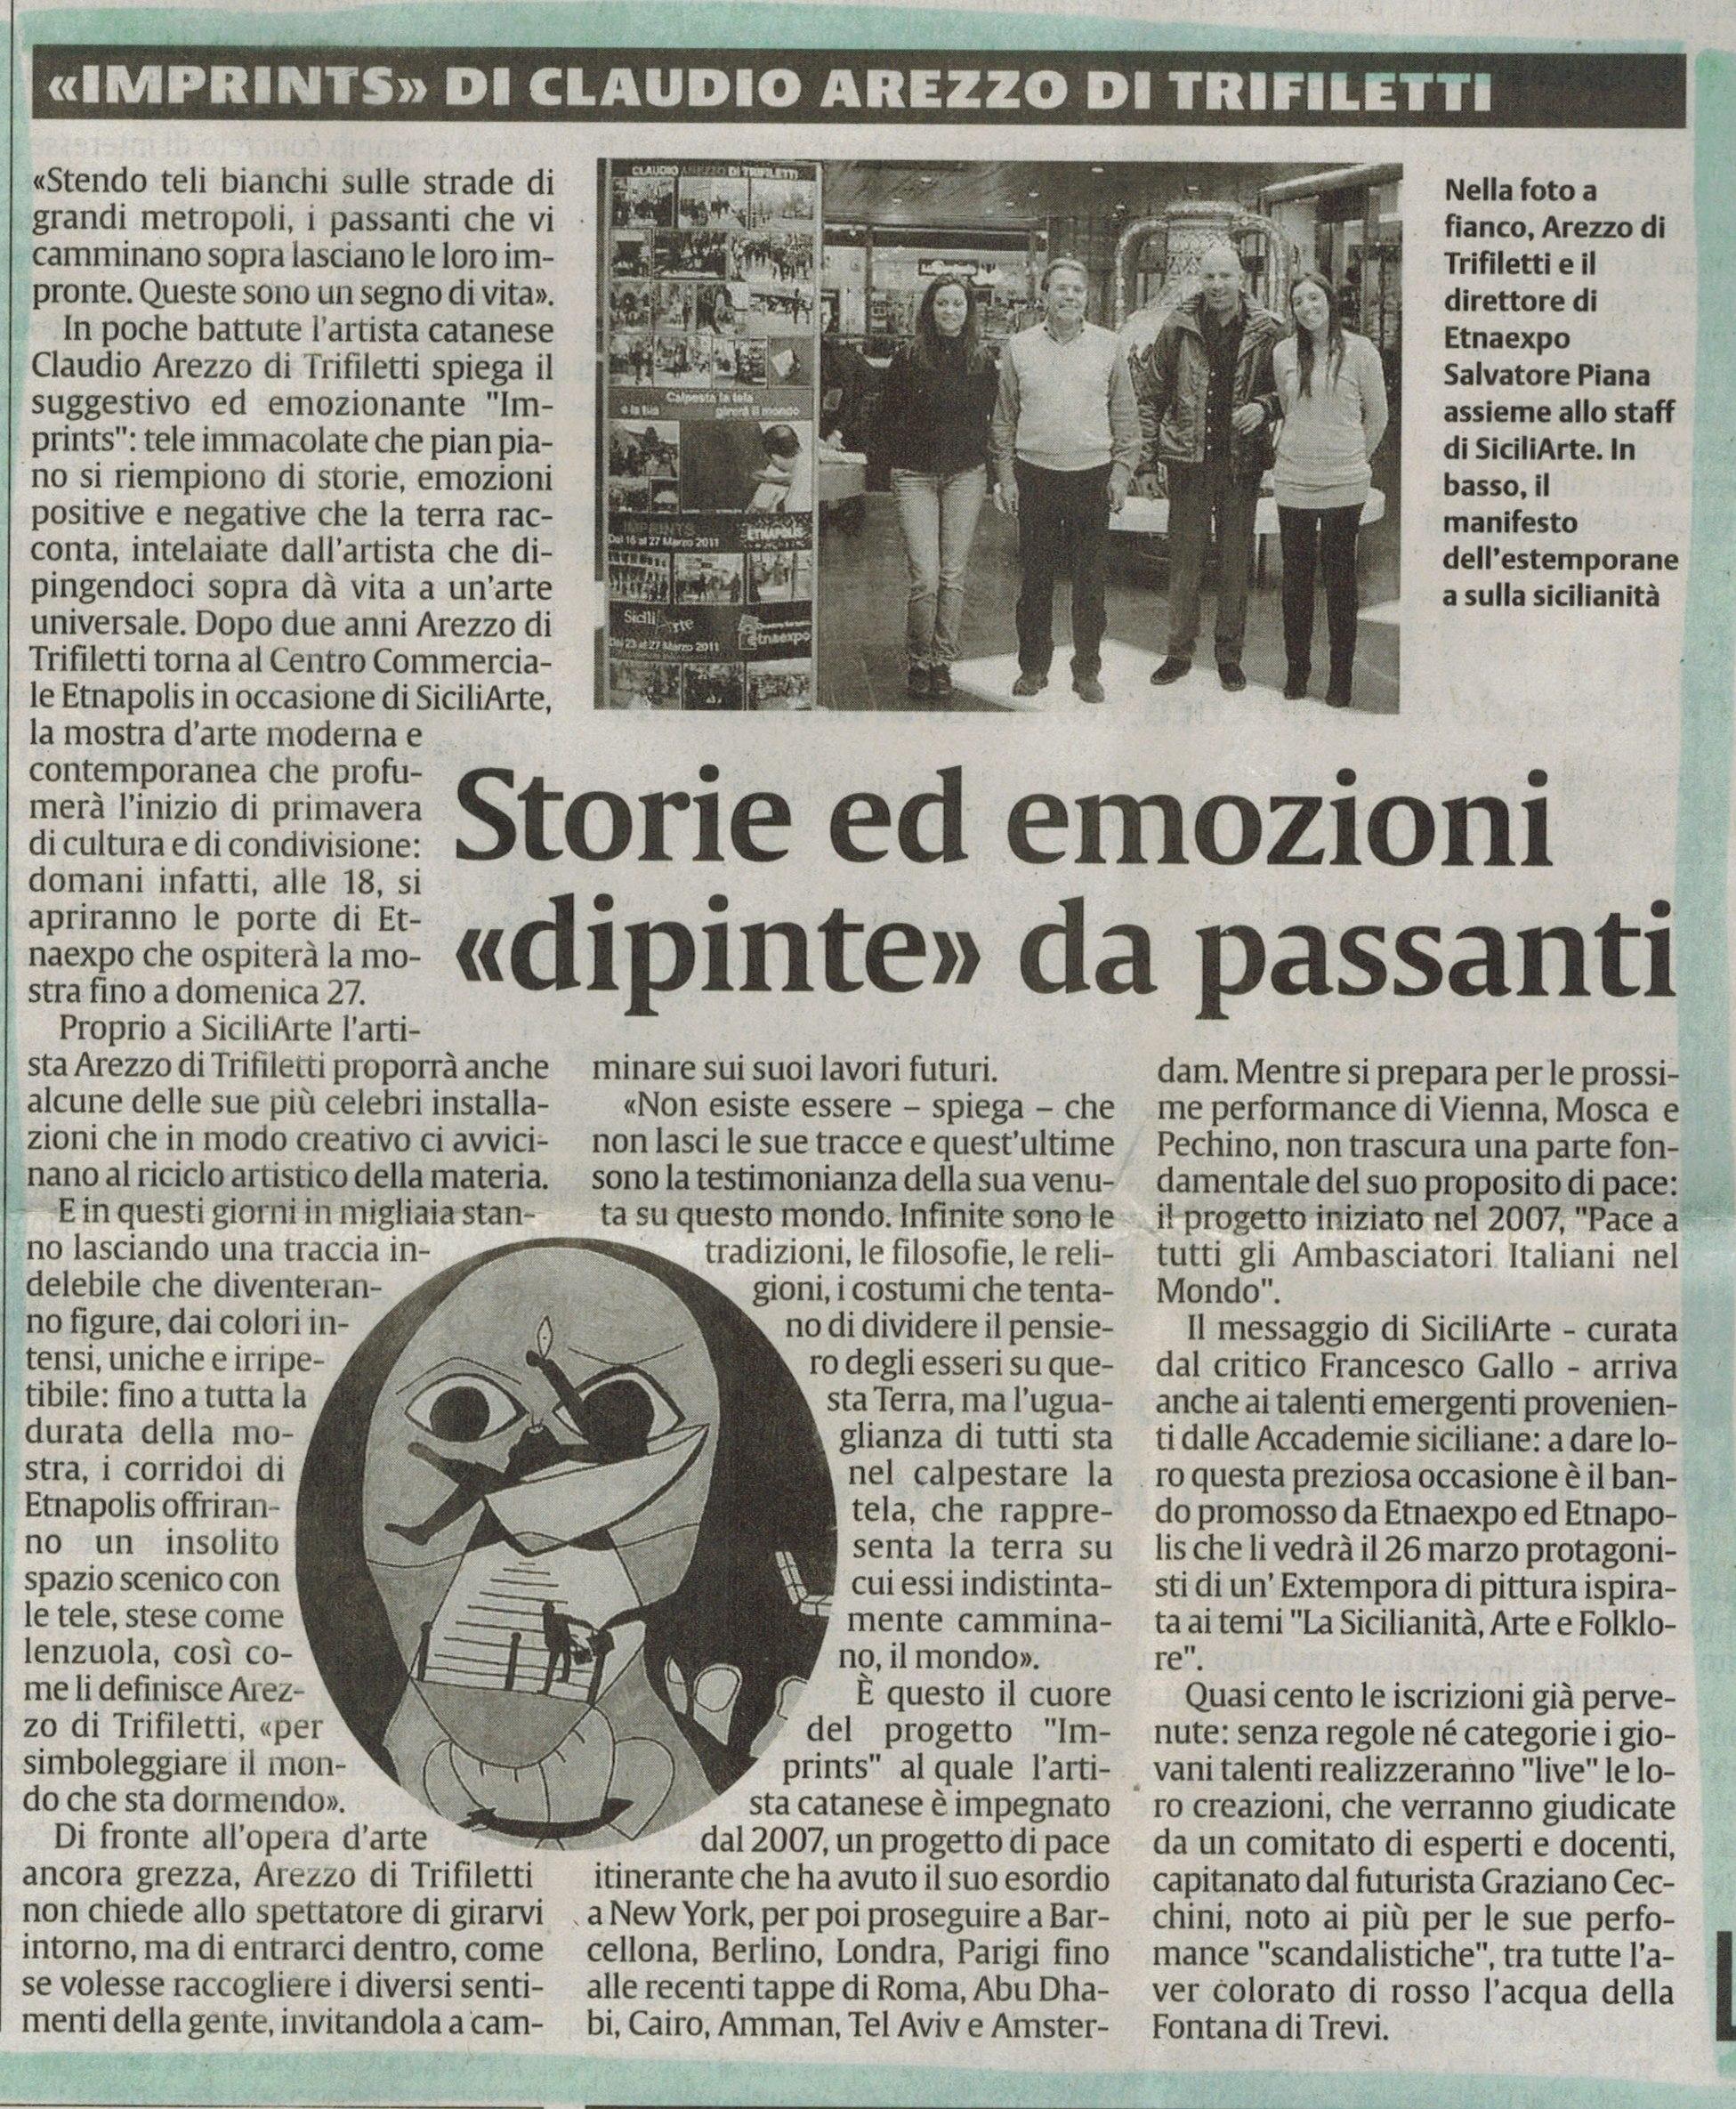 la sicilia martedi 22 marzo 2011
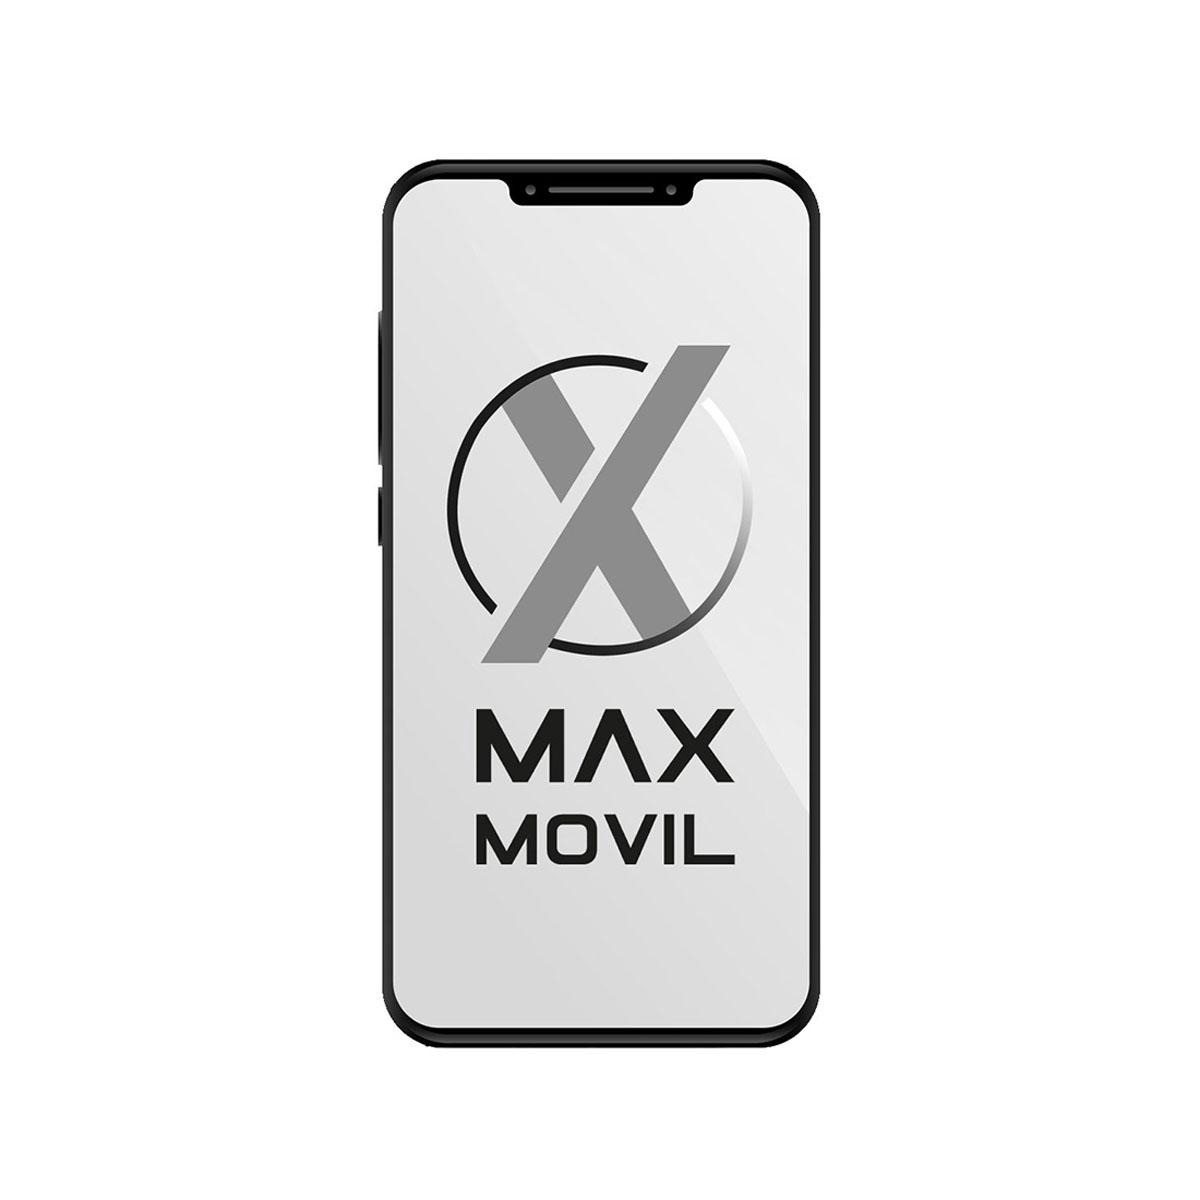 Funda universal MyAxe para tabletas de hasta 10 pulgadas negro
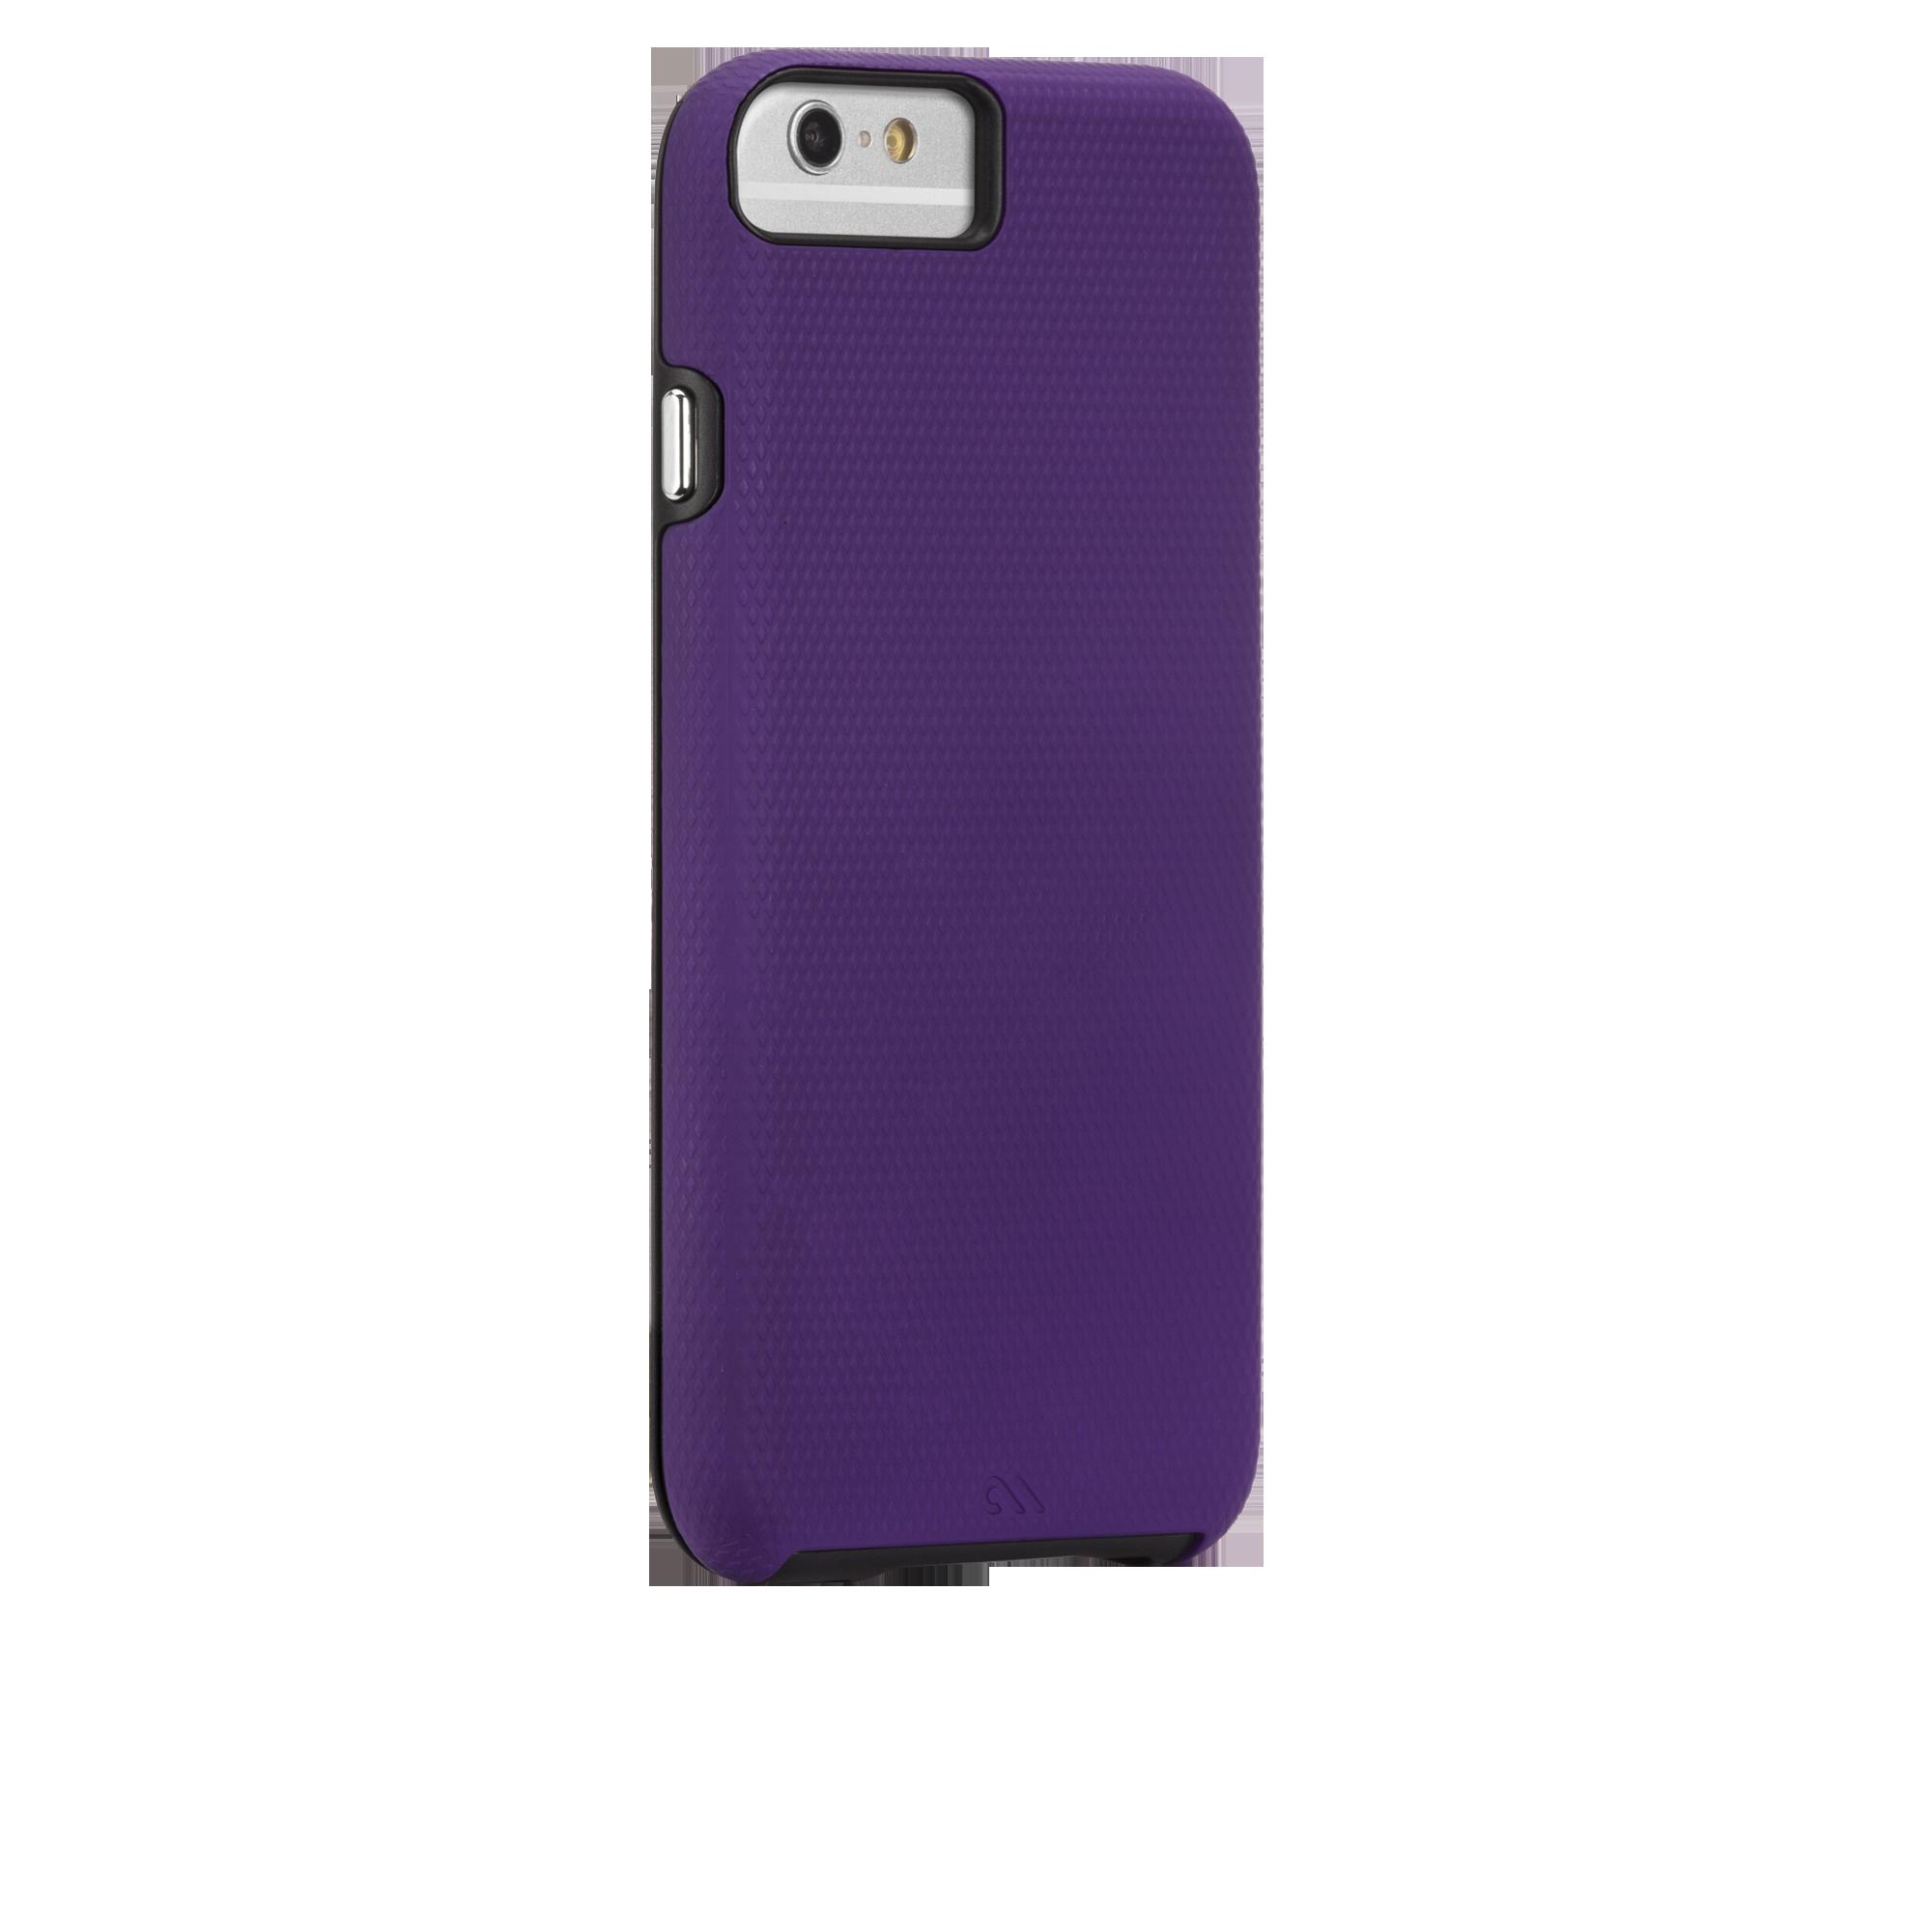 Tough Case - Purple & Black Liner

▸ TASK TO COMPLETE
Reproduce the lines above exactly, please, but not the pictures in them.

▸ SOLVED PROBLEM
 la sicilia martedi 22 marzo 2011
 Funda universal MyAxe para tabletas de hasta 10 pulgadas negro
 Tough Case - Purple & Black Liner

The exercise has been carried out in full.